Take the lines below between the one holding "Groot Brittannie 1983" and the one holding "Продается 1-комнатная квартира", inclusive, and copy them exactly. Add nothing.

▶ **Provided information**:
● ● ● ● ● ● ●

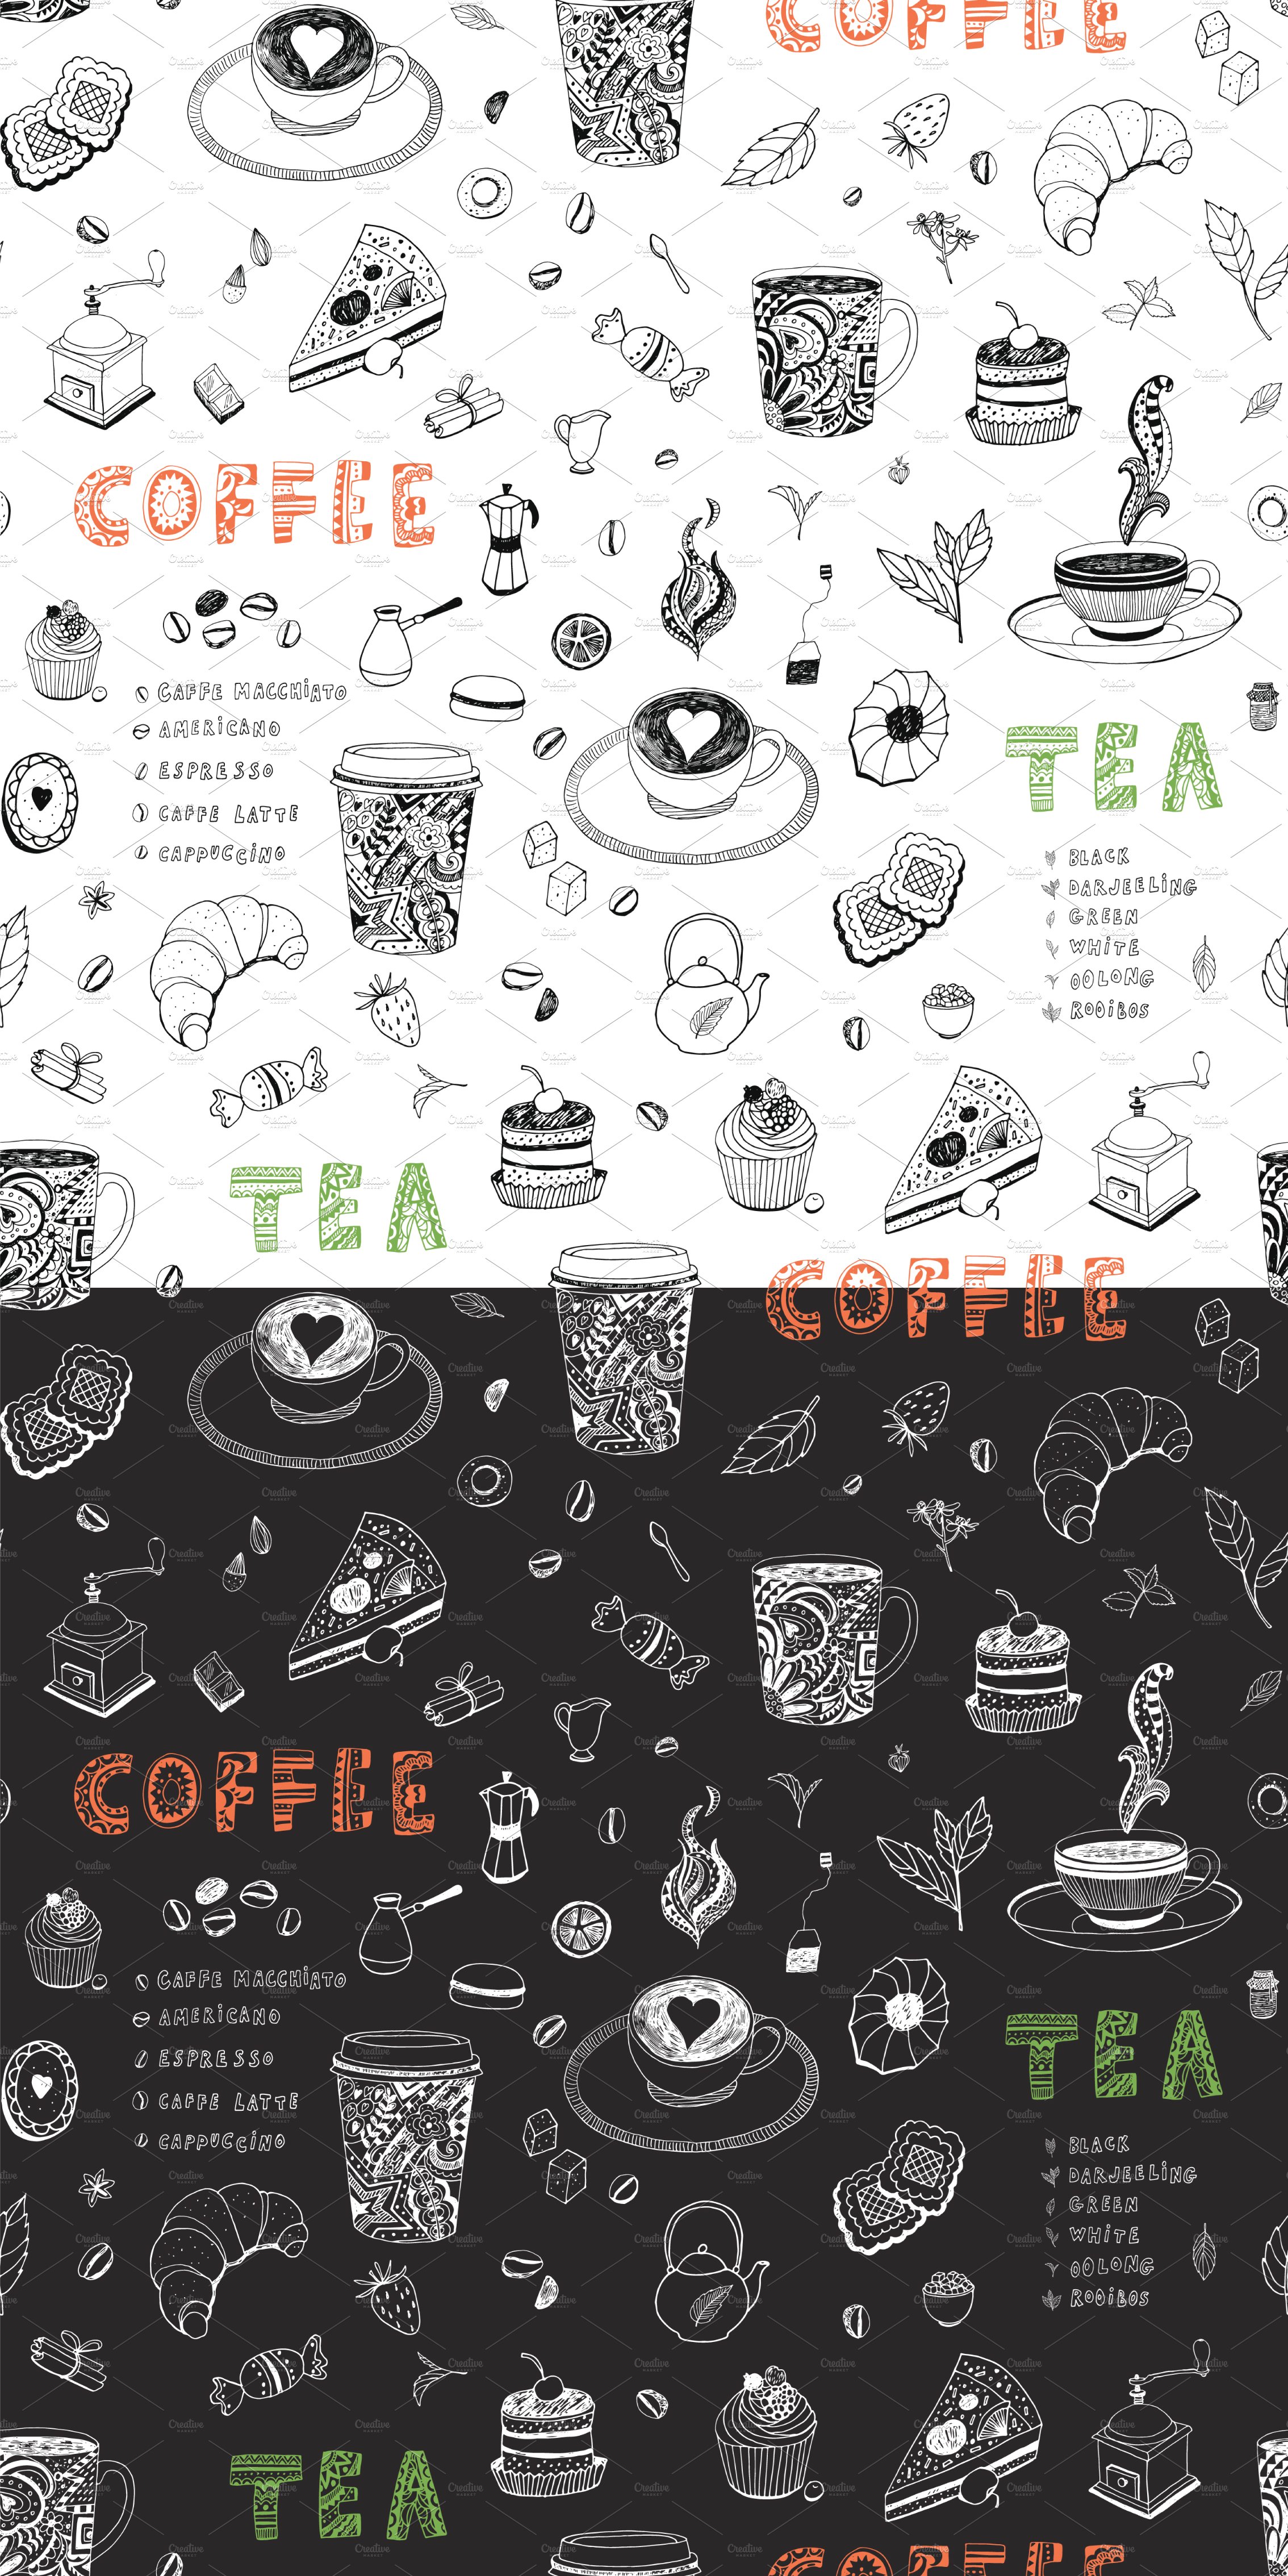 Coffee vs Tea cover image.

● ● ● ● ● ● ●

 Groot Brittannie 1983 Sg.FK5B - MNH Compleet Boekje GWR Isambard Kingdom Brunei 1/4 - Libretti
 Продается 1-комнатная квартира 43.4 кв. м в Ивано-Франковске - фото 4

● ● ● ● ● ● ●

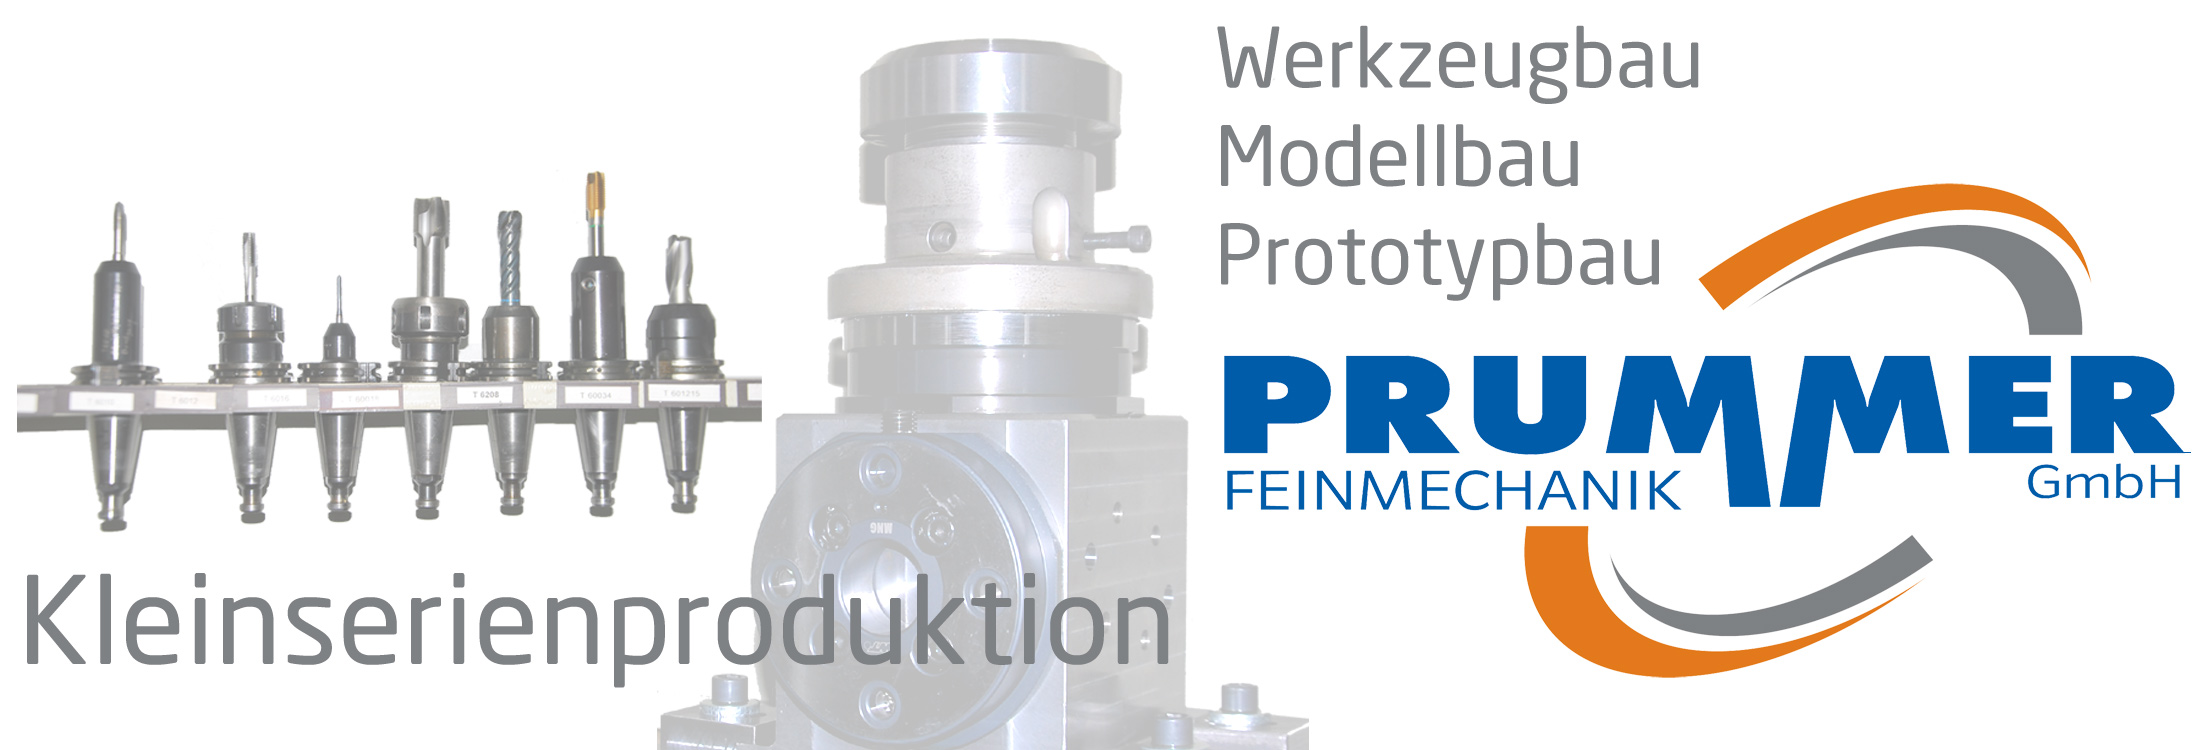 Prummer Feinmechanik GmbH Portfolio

● ● ● ● ● ● ●

▶ **Written solution**:
 Groot Brittannie 1983 Sg.FK5B - MNH Compleet Boekje GWR Isambard Kingdom Brunei 1/4 - Libretti
 Продается 1-комнатная квартира 43.4 кв. м в Ивано-Франковске - фото 4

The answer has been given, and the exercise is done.